With its release date pushed back a couple of times (never a good sign), the Belgian film “Girl,” a first feature from director Lukas Dhont, limps onto Netflix this week, covered in a cloud of controversy. It began with the news of Dhont’s decision to hold a gender-blind casting call for the lead role of Lara, a trans female ballet dancer, inspired by the journey of Belgian dancer Nora Monsecour. Gender-blind casting may have been well-intentioned but it was a powder keg in this case. Then came news of the casting of Victor Polster, a cis male, in the lead role, which inspired another round of criticism. Although I do my best to avoid buzz (negative or positive), especially if I’m assigned to review, it was impossible with “Girl” (and, in the case of “Girl,” the controversy is a necessary part of the context, as is understanding why people are upset about it). “Girl” debuted at Cannes, winning a couple of plum awards (including the Camera d’Or for Best First Feature), and was nominated for a Golden Globe as well. All along, Monsecour, who collaborated with Dhont through the filming process, has weighed in with support of the film and its intentions, including its graphic depiction of self-harm. All of that being said, does “Girl” work as a film? No. It does not.
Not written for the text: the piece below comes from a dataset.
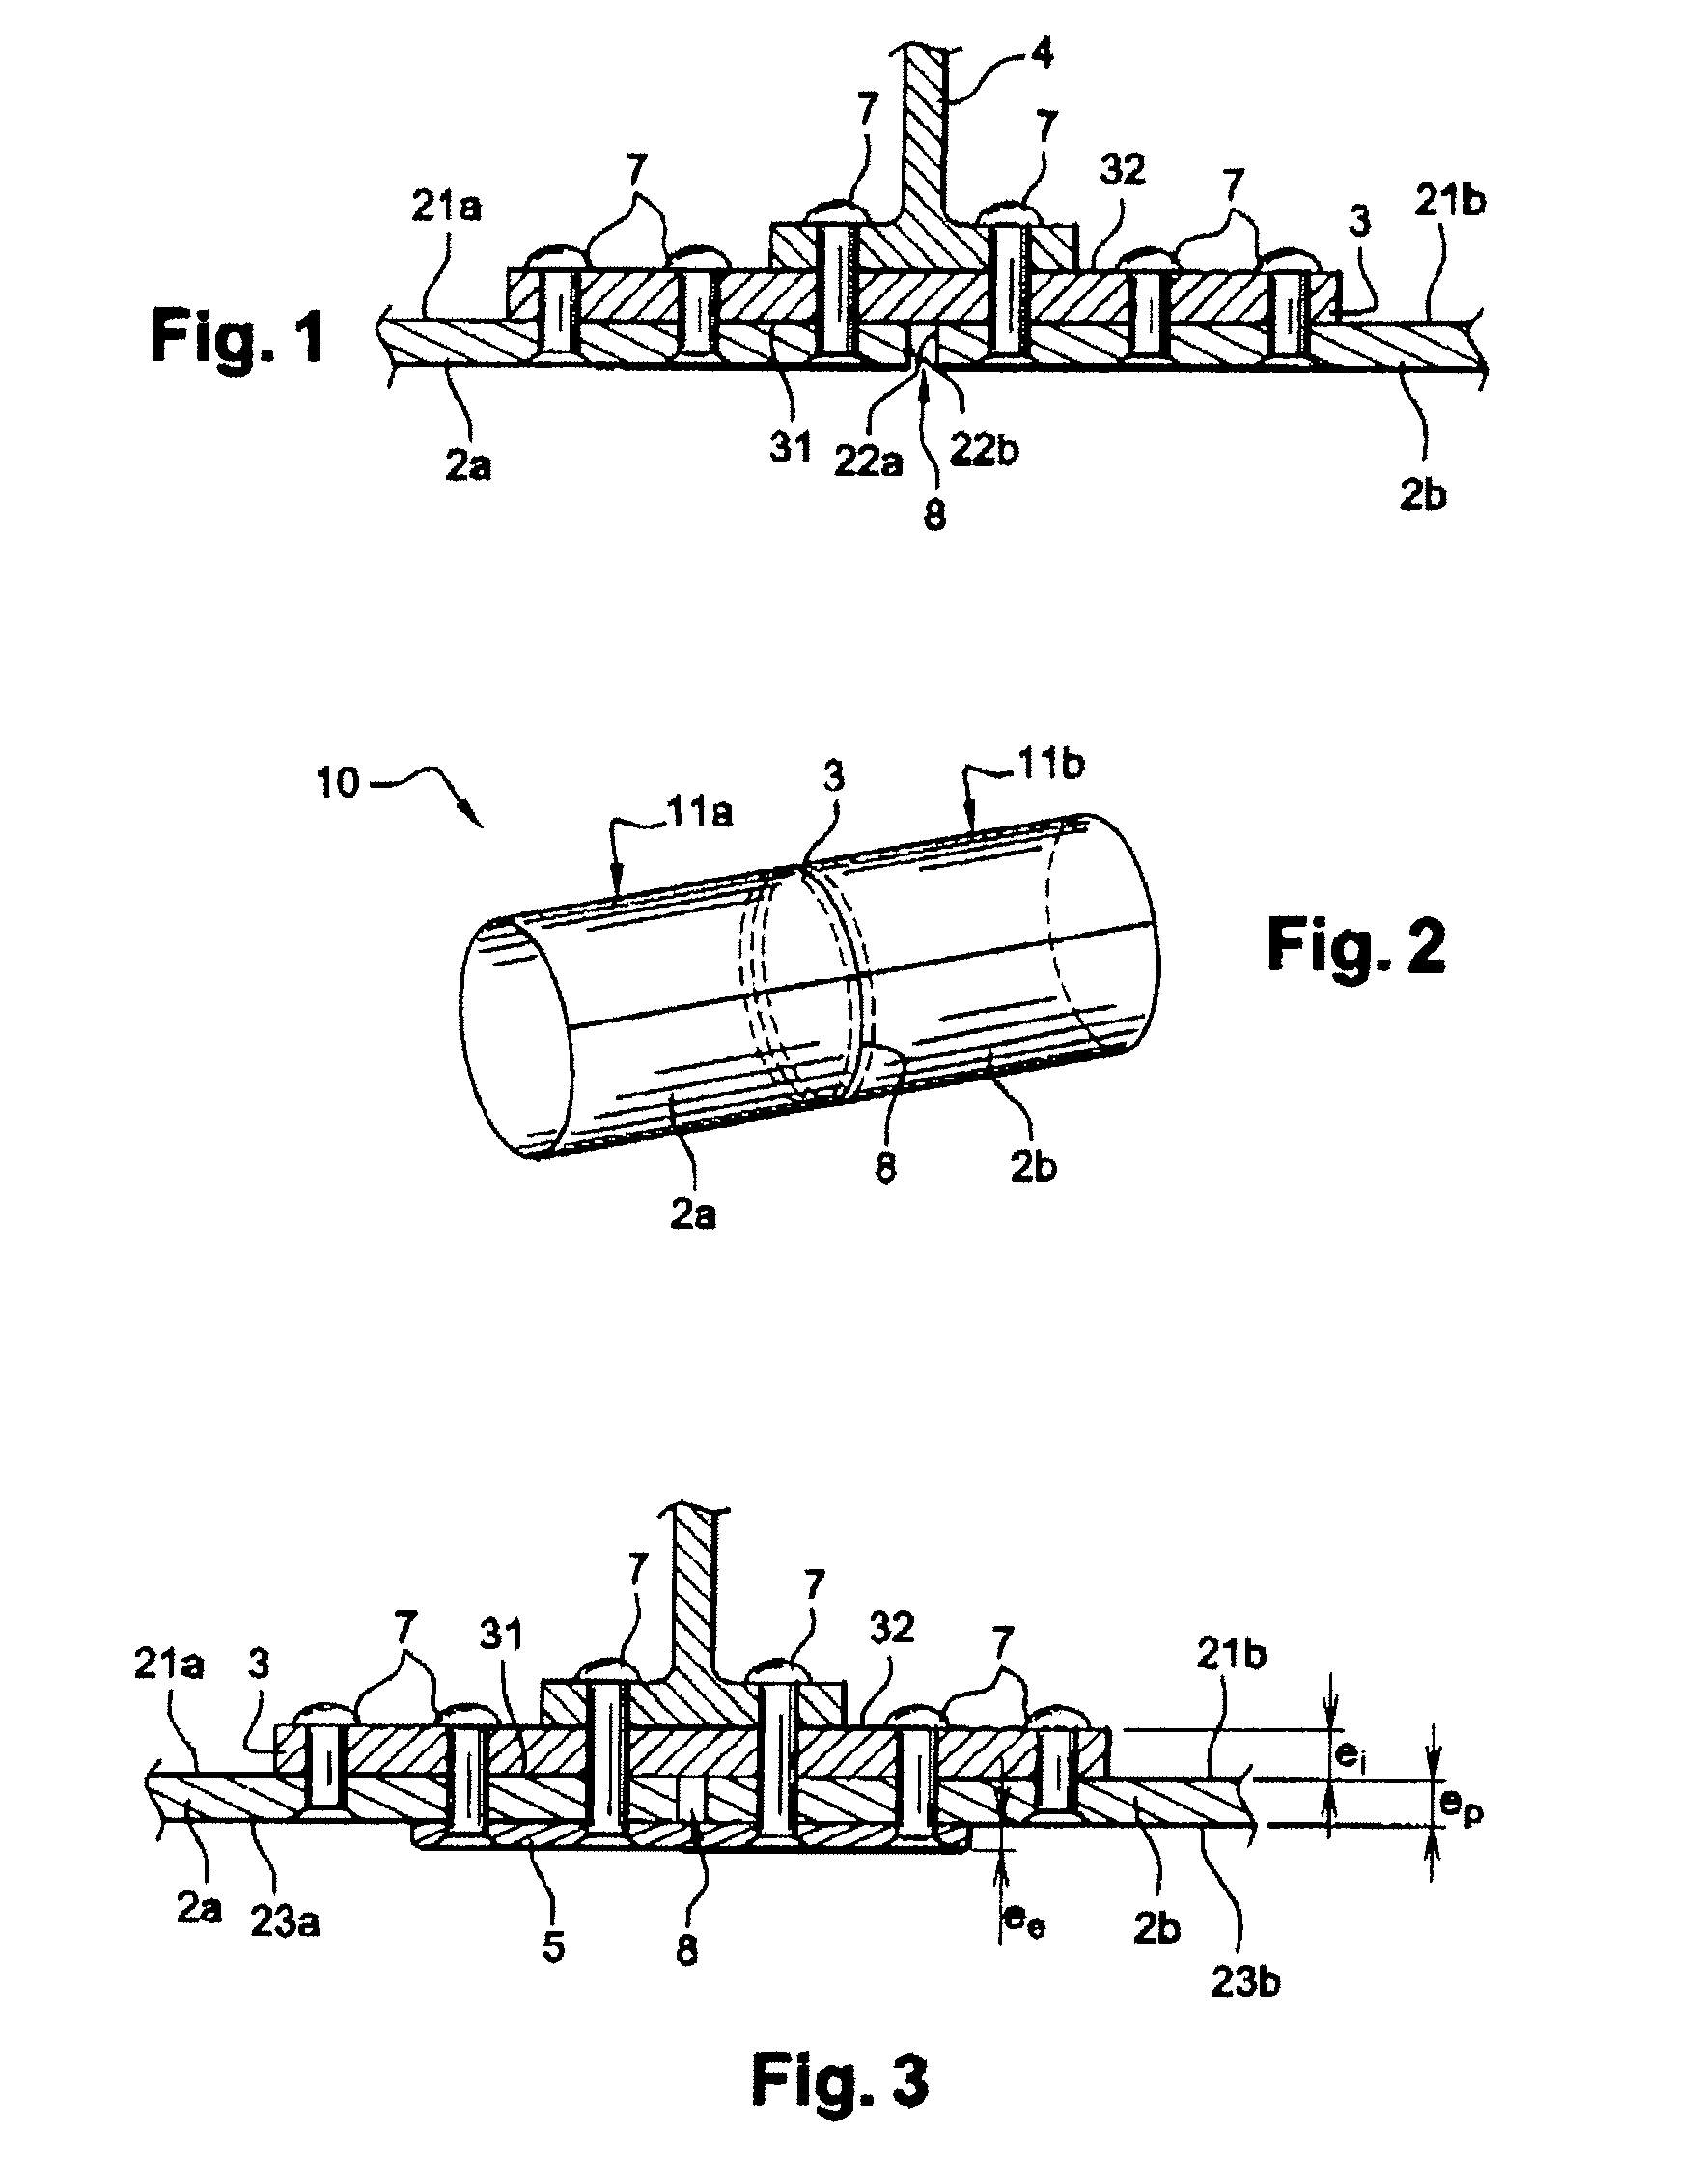 Assembly of panels of an airplane fuselage

The setup, briefly: Lara (Polster) lives with her father and little brother. The family has moved to the city so Lara can attend an elite ballet school. Simultaneously, she is in the beginning stages of gender transition, with hormone therapy, doctor consultations, etc. Her father is supportive of her, but is worried about her moodiness and her fraught relationship with her changing body. Lara has a lot of responsibility in the household, is more like a wife than a daughter, cooking, taking care of her dad and younger brother (who slips up occasionally, referring to Lara as “Victor,” her old name).
The ballet classes are the best parts of “Girl,” with Frank van den Eeden’s cinematography tossing us into the midst of the classes, giving a visceral sense of the experience—the sounds of feet landing on wooden floors, the looks of concentration, the emotional pressure and competition, everyone keeping an eye on everyone else, as well as an overall sense of the overwhelming difficulty of ballet. To be even moderately “good” requires single-minded focus from the earliest age. Lara’s challenges are different from her classmates. She is enrolled in this new school as a female, a controversial decision for her fellow classmates. Lara must devote herself to “catching up” with the other girls, all of whom have been training their feet for dancing en pointe since they were children. Lara has not trained that way, and she works hard with a private teacher, bending and warping her bloody feet into shape. All of this is really interesting!
Unfortunately, “Girl”‘s fascination with Lara’s gender transition translates into a leering focus on her genitals, shoulders and chest. Even disregarding the controversy, “Girl” does not work, mainly because Dhont’s focus is all wrong. What’s interesting in the story—Lara’s experiences as a trans ballerina—is treated as background noise, or at least secondary to the obsession with what her body looks like. There’s something voyeuristic about a camera zooming in repeatedly on a teenager’s groin. Looping Lara’s body hatred (there’s no other word for how it’s portrayed) in with being a ballet dancer seems like it would make sense—there’s a lot of overlap—but that’s not really explored. Instead, the camera seems to ask, repeatedly, “What’s going on in her crotch?” Against advice, Lara tapes down her genitals, and there are numerous scenes of her rashes, her taping process, the pain it causes her. There’s a very graphic scene of self-harm late in the film. The result of all of this is, I believe, unintended on the part of the director.
“Girl” is meant to be an inspiring story of a person becoming who she wants to be. The seeds of that story are there in her private sessions with a ballet tutor, and in how hard she works at whipping her feet into pointe shape. It’s inspiring! But the film’s focus on her body and her increasing impatience to transition—her hatred of her body leading her to that act of self-harm—makes “Girl” a film about a child having a nervous breakdown. Drawing a link between being trans and having a nervous breakdown—and, worse, positioning her self-harm as the ultimate act of liberation—is extremely irresponsible.
Polster has received praise for his performance, but I found him a lackluster onscreen presence, capable of playing only one note, and a boring note at that: the eye-rolling uncommunicative teenager. The challenge of casting Lara is obvious: whoever got the job had to be able to do the dancing. But Lara, as played by Polster, is non-revealing, quiet, and sullen. Her father keeps asking her what’s wrong, and she says “Nothing” or “I don’t know” over and over again. Teenagers can be like this, it’s true, but a whole film of it is tiresome. There’s no way in, especially when the camera keeps moving away from Polster’s face, away from his bloodied hard-working feet, to his groin, again and again. Enough already.